Eritrea wants UN action on Kenya
22 November 2011, 08:34
Addis Abba - Eritrea
has complained to the U.N. Security Council about Kenyan allegations
that it sent weapons to Islamist rebels in Somalia, calling for an
independent investigation to judge the dispute.
Foreign Minister Osman Saleh said in a letter to the Council that
Eritrea was confident an investigation would find Nairobi's
"defamatory" accusations to be baseless, and urged the United Nations to
take action against Kenya in the dispute.
Nairobi has accused Eritrea of flying in weapons for al Shabaab,
an insurgent group liked to al Qaeda which has been fighting the
Western-backed Somali government since 2007, and which is now also
battling Kenyan forces.
"If, as Eritrea confidently believes, the investigation determines
that there is no basis whatsoever to the very serious and harmful
accusations by the government of Kenya, Eritrea calls on the Security
Council to take action that would redress the injustice suffered by the
people and government of Eritrea," Saleh wrote in the letter, seen by
"Defamation of a member state of the United Nations should not be
indulged in with impunity and must not be tolerated, given its negative
implications for regional peace and security," he said in the letter,
dated November 16.
Kenya sent troops into Somalia, its anarchic neighbour, last
month to rout the insurgents which it blames for kidnappings of Western
aid workers and tourists on Kenyan soil, and frequent cross-border
Nairobi says it has credible information that consignments of
arms were flown to the Somali town of Baidoa from Eritrea.

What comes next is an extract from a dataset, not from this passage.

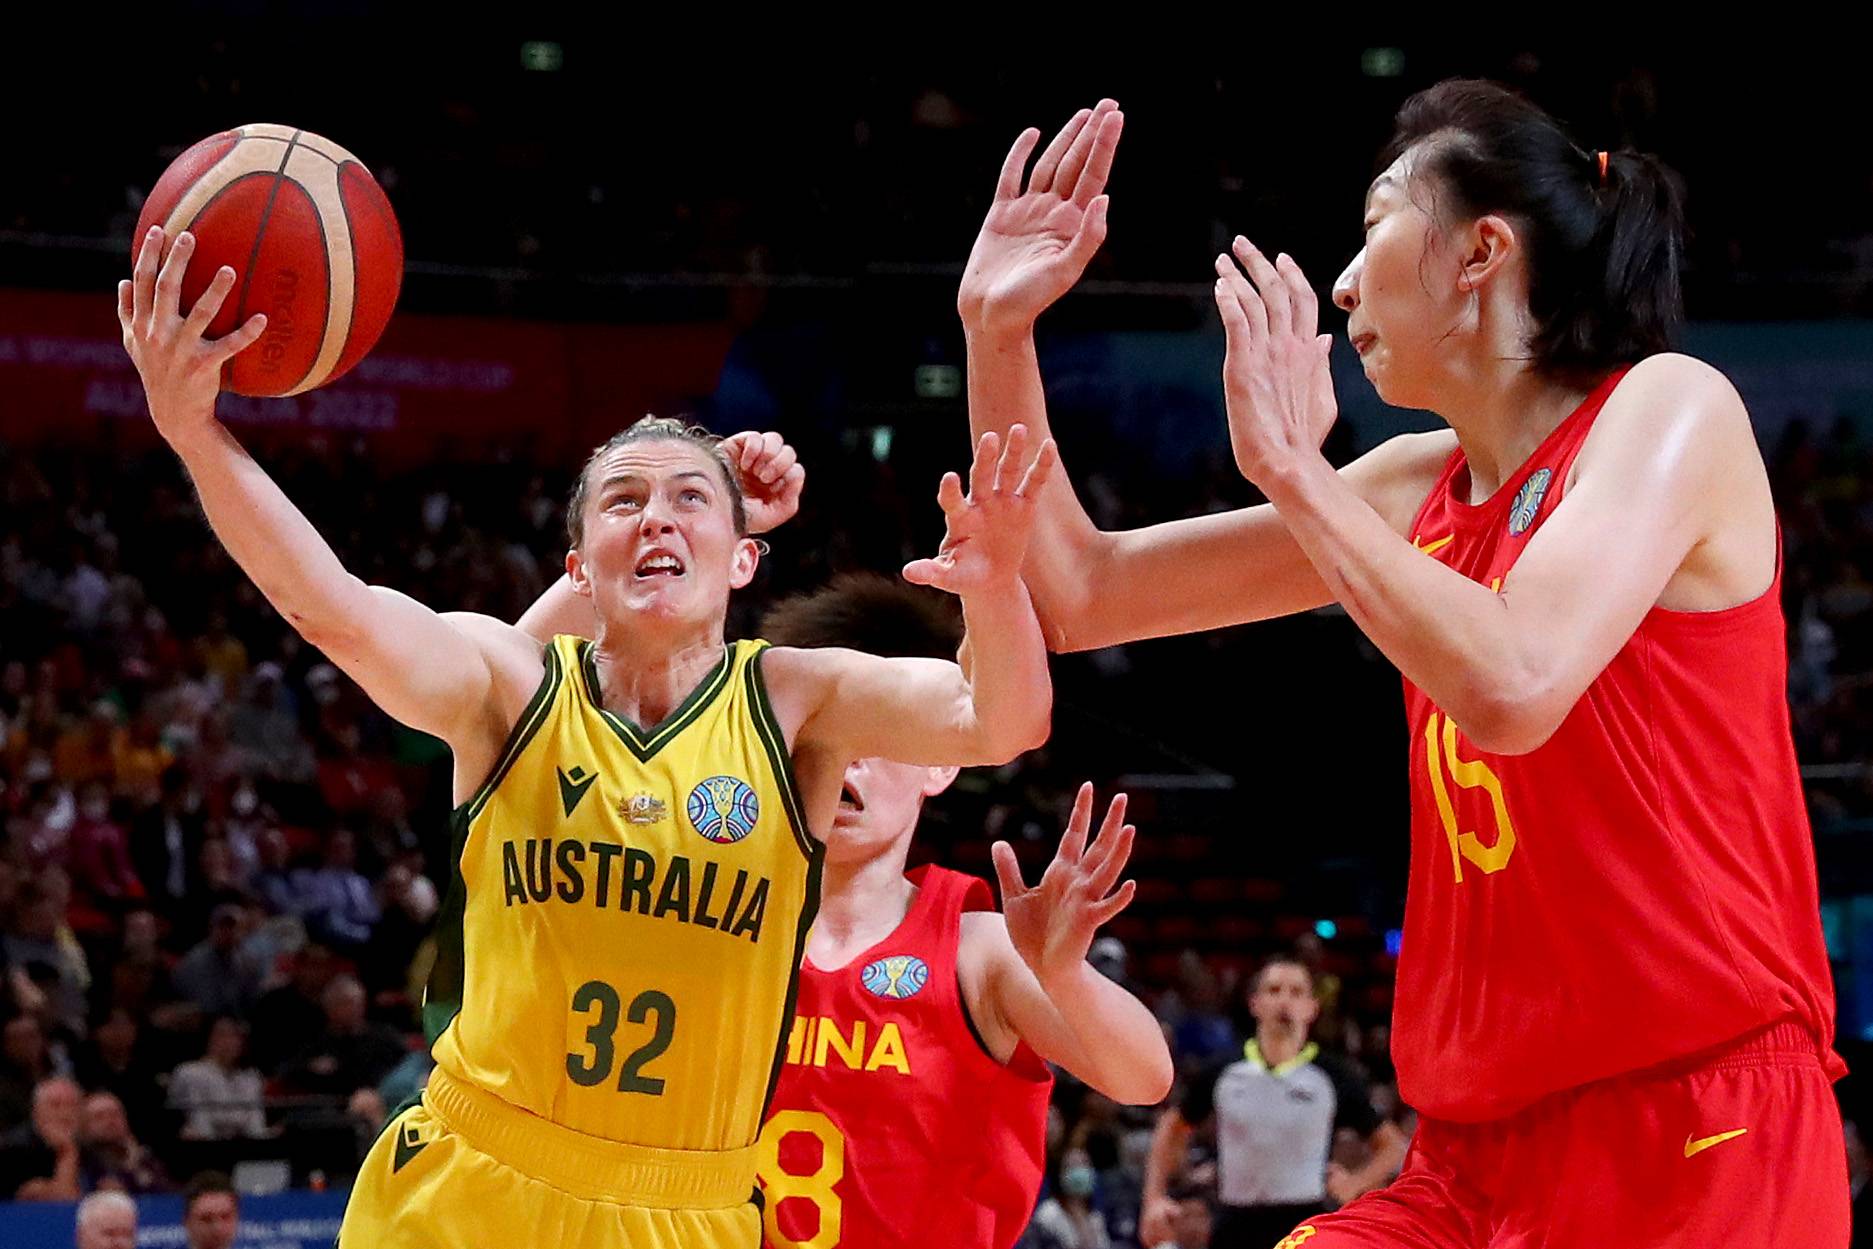 SYDNEY, AUSTRALIA - SEPTEMBER 30: Xu Han of China blocks Samantha Whitcomb of Australia during the 2022 FIBA Women's Basketball World Cup Semi Final match between Australia and China at Sydney Superdome, on September 30, 2022, in Sydney, Australia. (Photo by Kelly Defina/Getty Images)

Kenyan
officials have said that Eritrean denials are not enough, and that it
should go further and denounce al Shabaab.
Saleh's letter to Jose Filipe Cabral, the Security Council's
rotating president for November, gave no details on who might conduct
the investigation, nor did it say what action Eritrea wanted.
However, Eritrea's envoy to the African Union said the Kenyan allegations should be publicly dismissed as a first step.
"It is up to the U.N. Security Council to take whatever action it
feels appropriate and necessary to rectify such baseless allegations
and defamation of a member state," envoy Girma Asmerom told Reuters.
"However, as a starter, I strongly feel that the U.N. Security
Council should urge the government of Kenya to publicly rescind its
baseless accusation against Eritrea," he said.
Kenyan officials have said the weapons consisted of
shoulder-fired rockets, grenades and small arms munitions, and that they
have been moved to areas in southern and central Somalia.
Slapped with an arms embargo, assets freeze and a travel ban for
some of its officials in 2009, Eritrea faces another round of measures
over charges it was aiding militants fighting to overthrow the
internationally-backed Mogadishu government.
Asmara accuses Ethiopia of being behind the claims through a
"frenzied campaign" to isolate and weaken its government. The neighbours
fought a two-year war over disputed territory a decade ago but the
frontier spat has yet to be resolved.
Scores of Ethiopian military vehicles carrying soldiers have
been spotted by residents in Somalia's frontier towns in what could be a joint attempt to flush out al Shabaab.
Ethiopian officials, however, say they have yet to decide on
deploying troops, though they are committed to a regional initiative to
stabilise the lawless Horn of Africa country.